On Mon, Jul 30, 2018 at 6:01 AM Kirill A. Shutemov <kirill@shutemov.name> wrote:
>
> I think I missed vma_set_anonymous() somewhere, but I fail to see where.

Honestly, by now we just need to revert that commit.

It's not even clear that it was a good idea to begin with. The rest of
the commits were cleanups, this one was driven by a incorrect
VM_BUG_ON() that triggered, and that checked "vma_is_anonymous(vma)"
without any explanations of wht it should matter.

I think the biggest problem with vma_is_anonymous() may be its name,
not what it does.

What the code historically *did* (and what vma_is_anonymous() checks)
is not "is this anonymous", but rather "does this have any special
operations associated with it".

The two are similar. But people have grown opinions about exactly what
"anonymous" means. If we had named it just "no_vm_ops()", we wouldn't
have random crazy checks for "vma_is_anonymous()" in places where it
makes no sense.

So what I think we want a real explanation for is why people who use
"vma_is_anonymous()" care. Instead of trying to change its very
historical meaning, we should look at the users, and perhaps change
its name.

In this case, for example, I think the *real* problem was described by
commit 684283988f70 ("huge pagecache: mmap_sem is unlocked when
truncation splits pmd"), and the problem is that an existing check
that required that mmap_sem was held was changed to say "only for
anonymous mappings".

But the fact is, you can truncate mappings that don't have any ops just *fine*.

So maybe that original BUG() was entirely bogus to begin with, and it
shouldn't exist at all?

Or maybe the code should test "do I have a vm_file" instead of testing
"do I have vm_ops"?

What's the problem with just doing split_huge_pmd() there when it's a
pmd_trans_huge or pmd_devmap pmd? Why is that VM_BUG_ON_VMA() there in
the first place? Why are allegedly "anonymous" mappings so special
here for locking?

Adding a few more people to the cc, they were involved the last that
time VM_BUG_ON_VMA() was modified.

New people: see commit bfd40eaff5ab ("mm: fix vma_is_anonymous()
false-positives") for details. Right now I think it's getting
reverted, but the oops explanation in the commit is about that

            kernel BUG at mm/memory.c:1422!

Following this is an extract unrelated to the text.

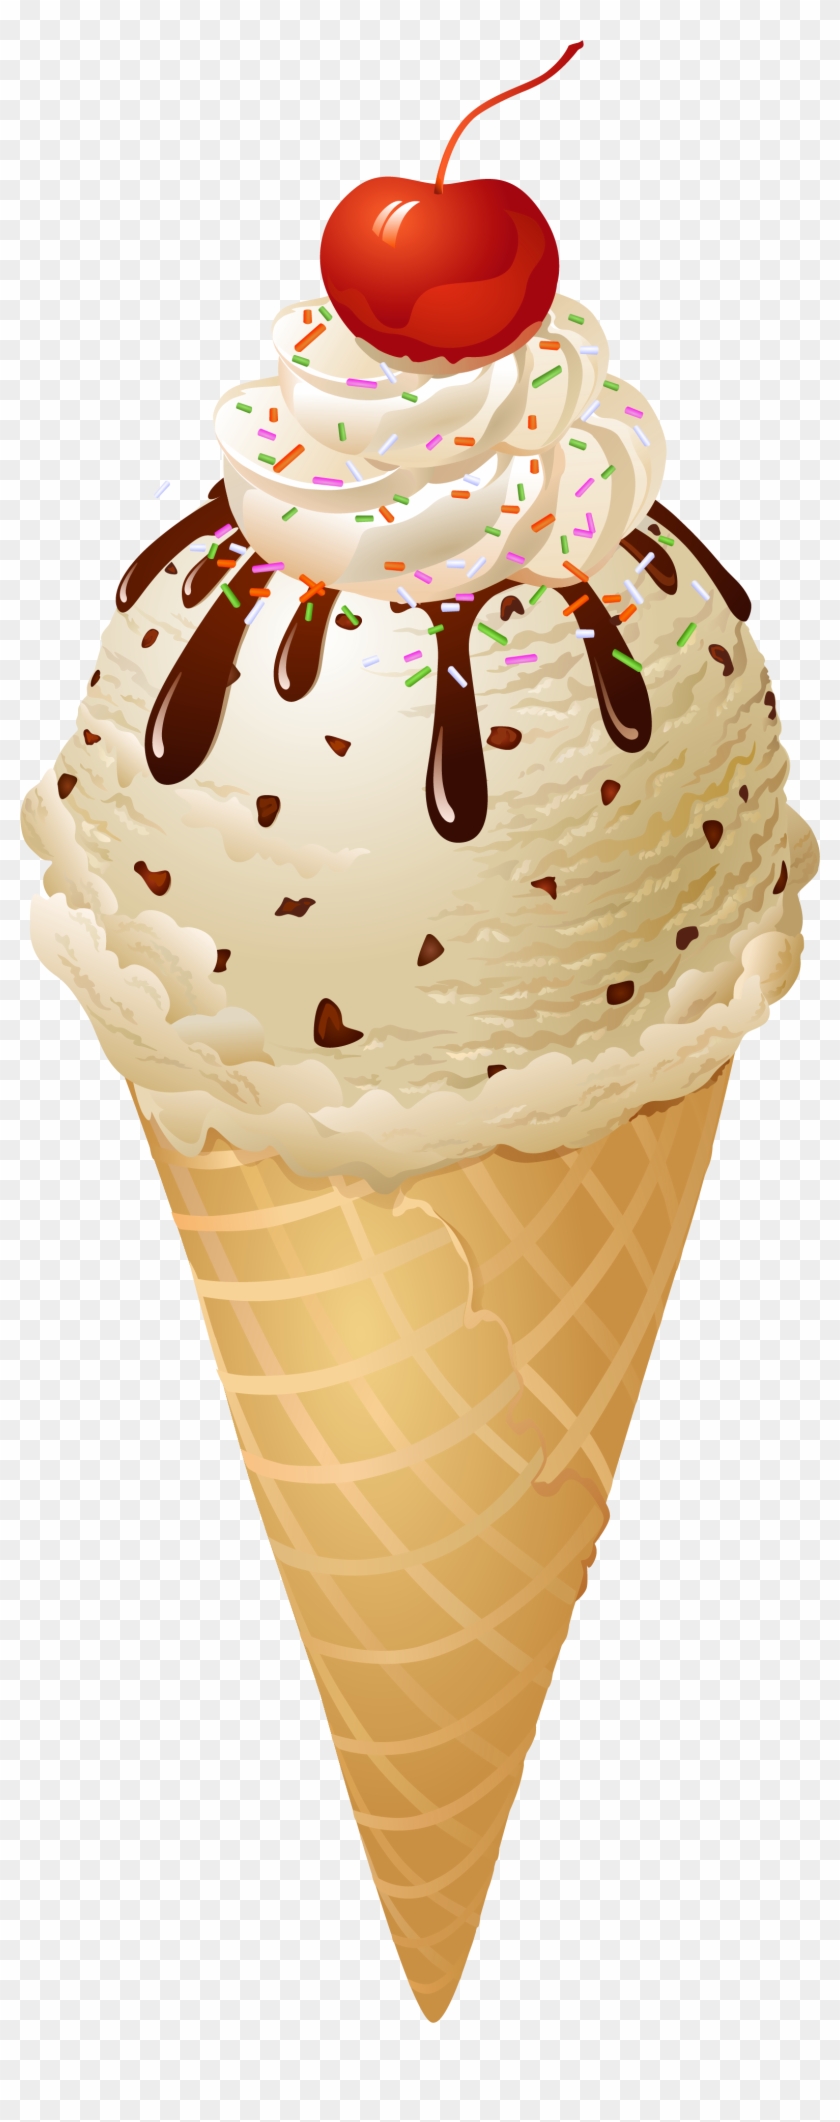 Transparent Ice Cream Cone Png Picture - Ice Cream Cone Transparent #547048

which was/is debatable and seems to make no sense (and definitely is
still triggerable despite that commit 684283988f70 ("huge pagecache:
mmap_sem is unlocked when truncation splits pmd") that limited it a
bit - but I think it didn't limit it enough.

               Linus

^ permalink raw reply	[flat|nested] 32+ messages in thread

* Re: Linux 4.18-rc7
  2018-07-30 17:32     ` Linus Torvalds
@ 2018-07-30 21:53       ` Hugh Dickins
  2018-07-31  1:01         ` Linus Torvalds
  0 siblings, 1 reply; 32+ messages in thread
From: Hugh Dickins @ 2018-07-30 21:53 UTC (permalink / raw)
  To: Linus Torvalds
  Cc: Kirill A. Shutemov, Hugh Dickins, Matthew Wilcox, Amit Pundir,
	Kirill A. Shutemov, Andrew Morton, Dmitry Vyukov, Oleg Nesterov,
	Andrea Arcangeli, Greg Kroah-Hartman, John Stultz, linux-mm,
	Linux Kernel Mailing List, youling257

On Mon, 30 Jul 2018, Linus Torvalds wrote:
> On Mon, Jul 30, 2018 at 6:01 AM Kirill A. Shutemov <kirill@shutemov.name> wrote:
> >
> > I think I missed vma_set_anonymous() somewhere, but I fail to see where.
> 
> Honestly, by now we just need to revert that commit.
> 
> It's not even clear that it was a good idea to begin with. The rest of
> the commits were cleanups, this one was driven by a incorrect
> VM_BUG_ON() that triggered, and that checked "vma_is_anonymous(vma)"
> without any explanations of wht it should matter.
> 
> I think the biggest problem with vma_is_anonymous() may be its name,
> not what it does.
> 
> What the code historically *did* (and what vma_is_anonymous() checks)
> is not "is this anonymous", but rather "does this have any special
> operations associated with it".
> 
> The two are similar. But people have grown opinions about exactly what
> "anonymous" means. If we had named it just "no_vm_ops()", we wouldn't
> have random crazy checks for "vma_is_anonymous()" in places where it
> makes no sense.
> 
> So what I think we want a real explanation for is why people who use
> "vma_is_anonymous()" care. Instead of trying to change its very
> historical meaning, we should look at the users, and perhaps change
> its name.

You make a very good point on the naming. Especially confusing when
layered on top of "we call shmem 'file' here, but 'anon' there".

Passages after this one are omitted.